Work required:
Counting from the line that holds "Un design rafraîchissant", return each line exactly, through and including the last line of the entries.

Working data:
■ ■ ■ ■ ■ ■ ■
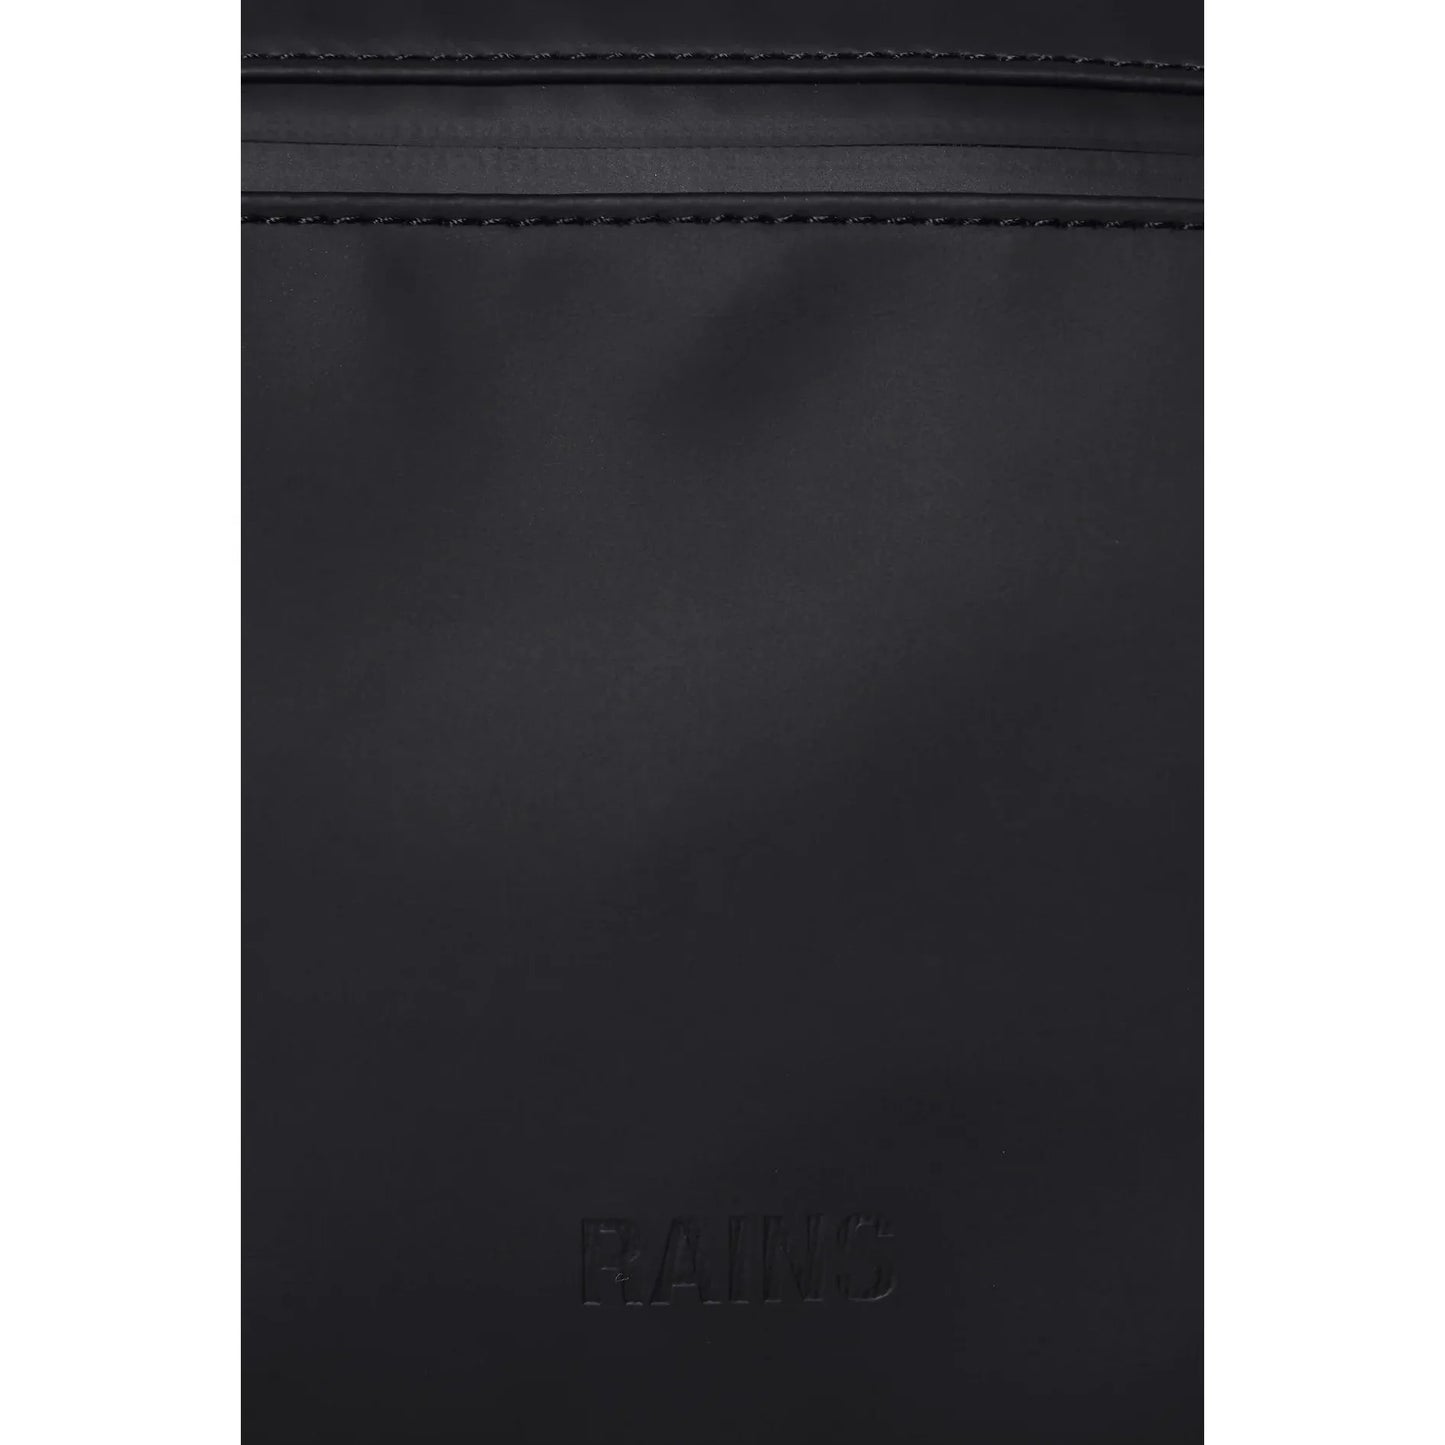 RAINS Bags H6.3 x W14.4 x D2 inches / Black / Polyester RAINS Bum Bag W3
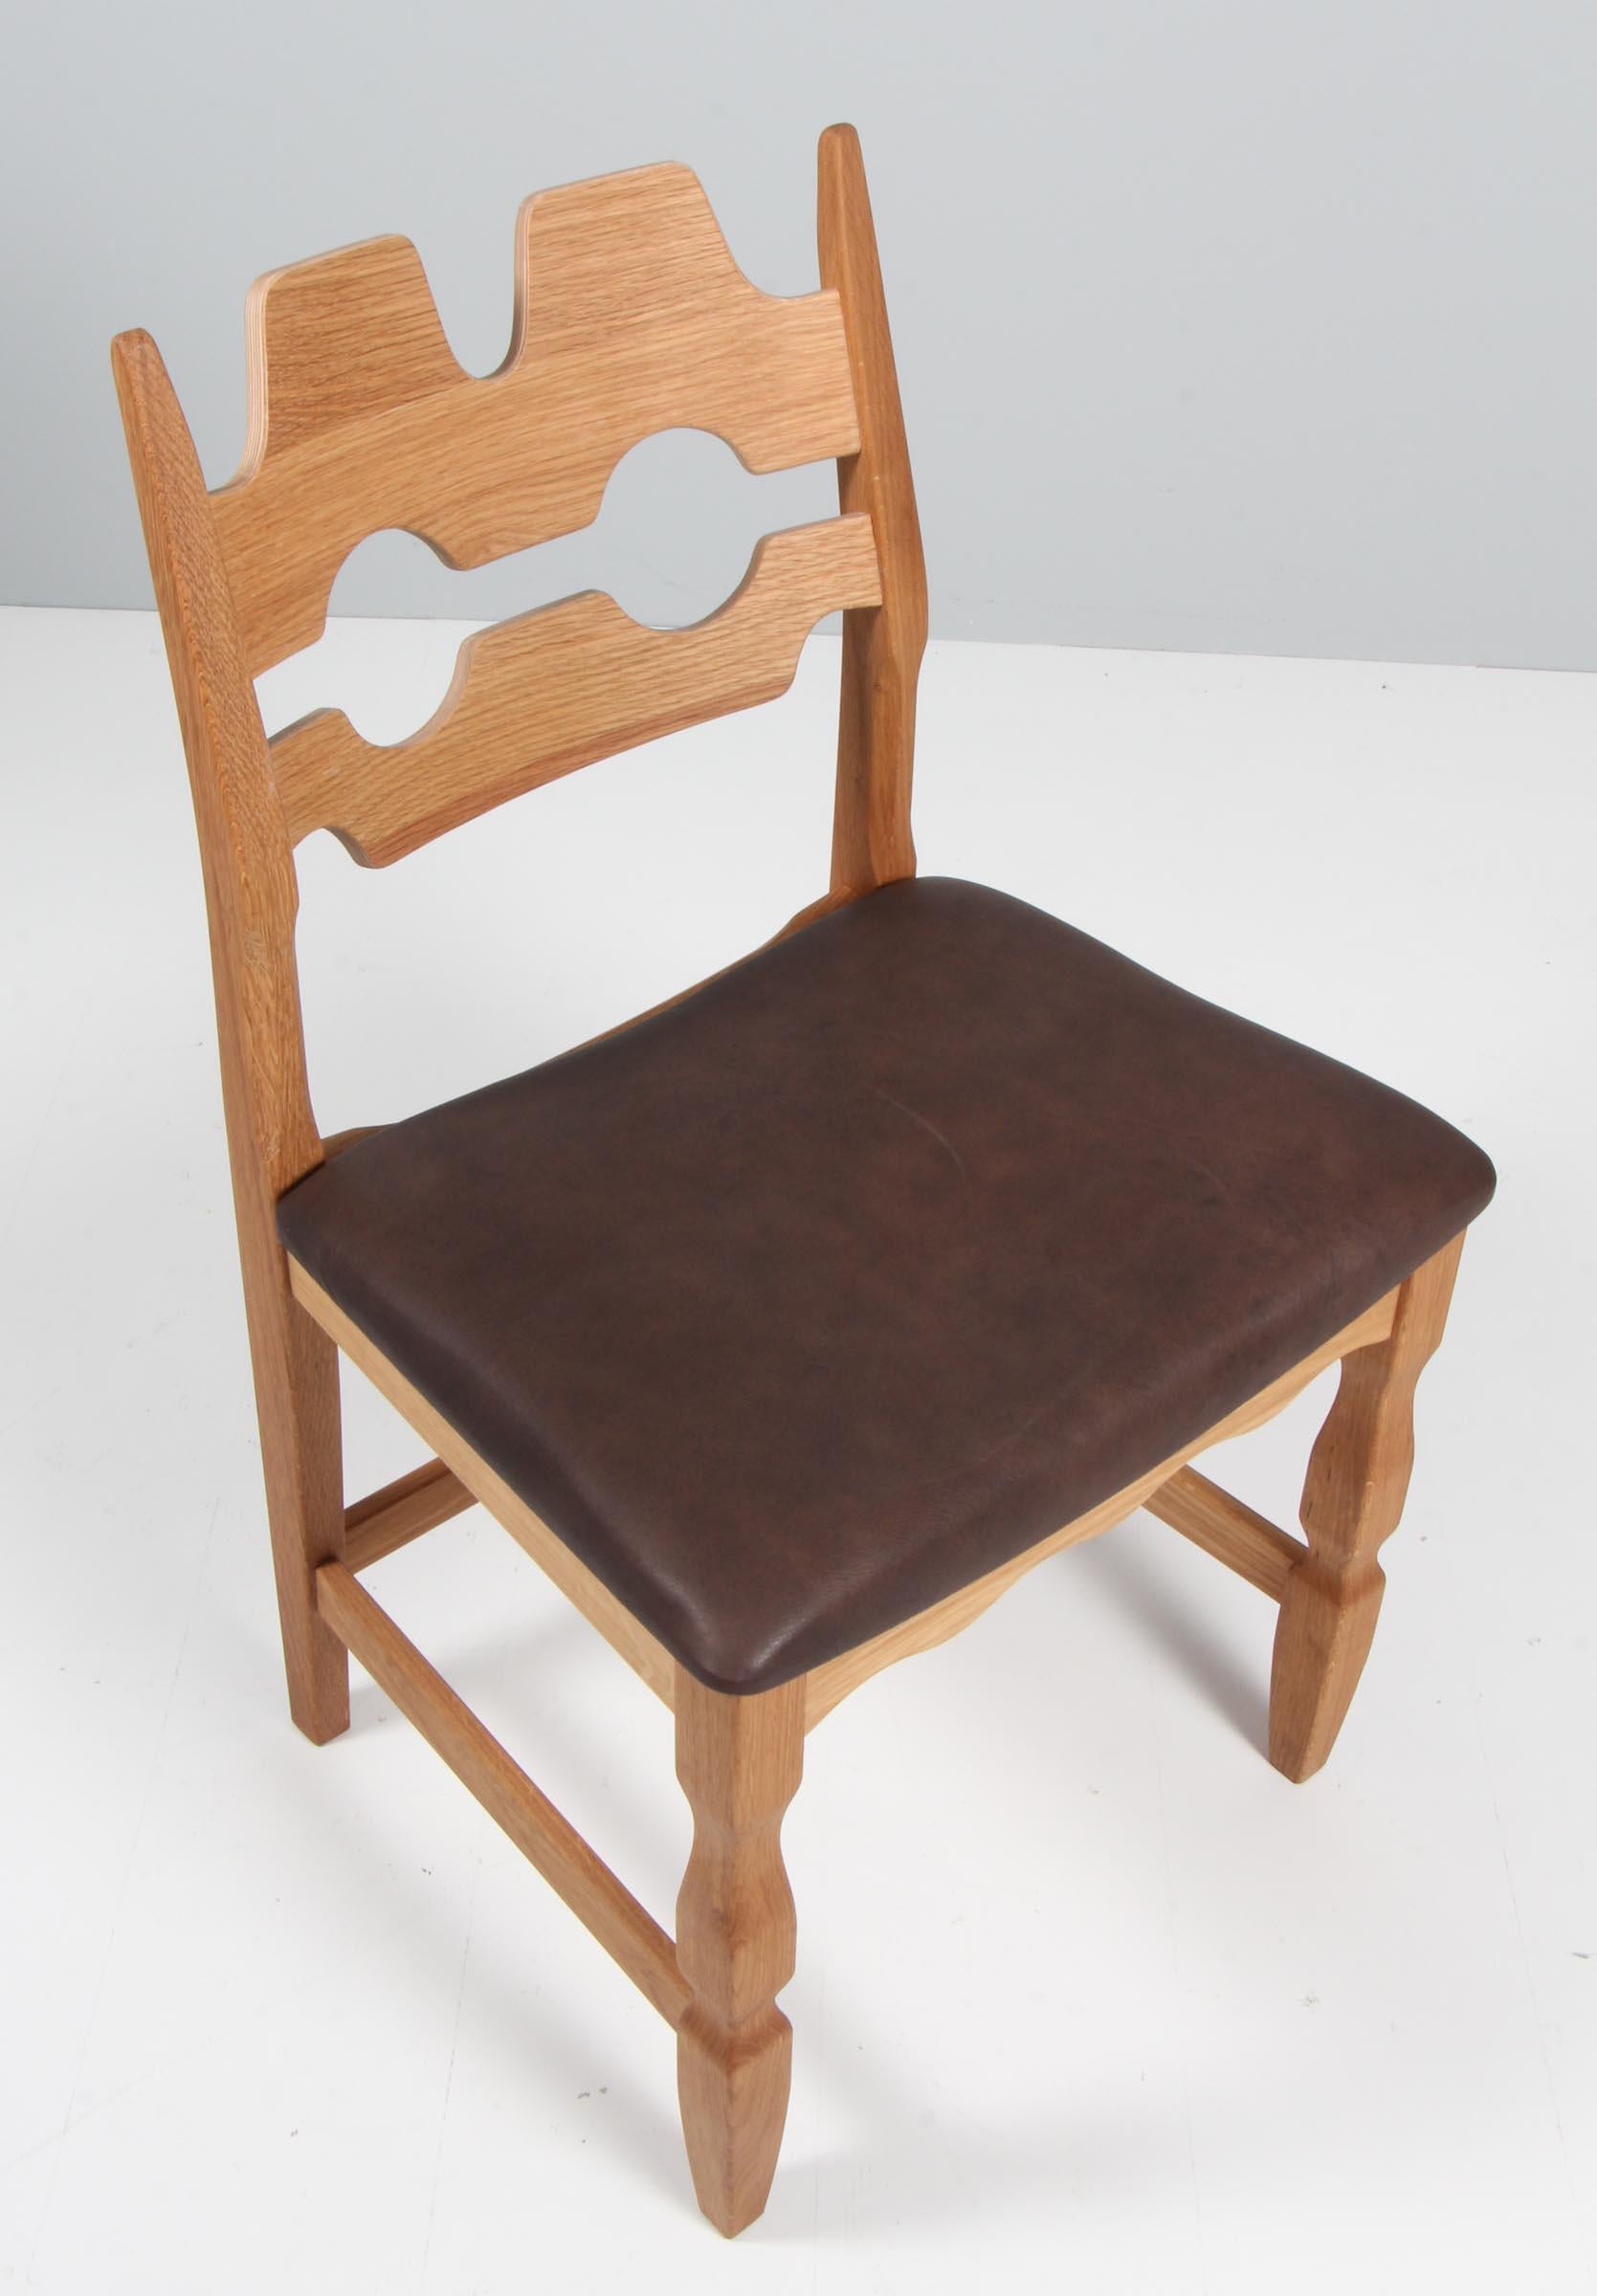 Ensemble de chaises de salle à manger de Henning Kjærnulf, en chêne et cuir aniline mokka latina.

Un design rafraîchissant où le baroque audacieux se marie bien avec le modernisme du milieu du siècle.

Modèle : Lame de rasoir

Réalisé par Another
■ ■ ■ ■ ■ ■ ■
Response to this exercise:
Un design rafraîchissant où le baroque audacieux se marie bien avec le modernisme du milieu du siècle.

Modèle : Lame de rasoir

Réalisé par Another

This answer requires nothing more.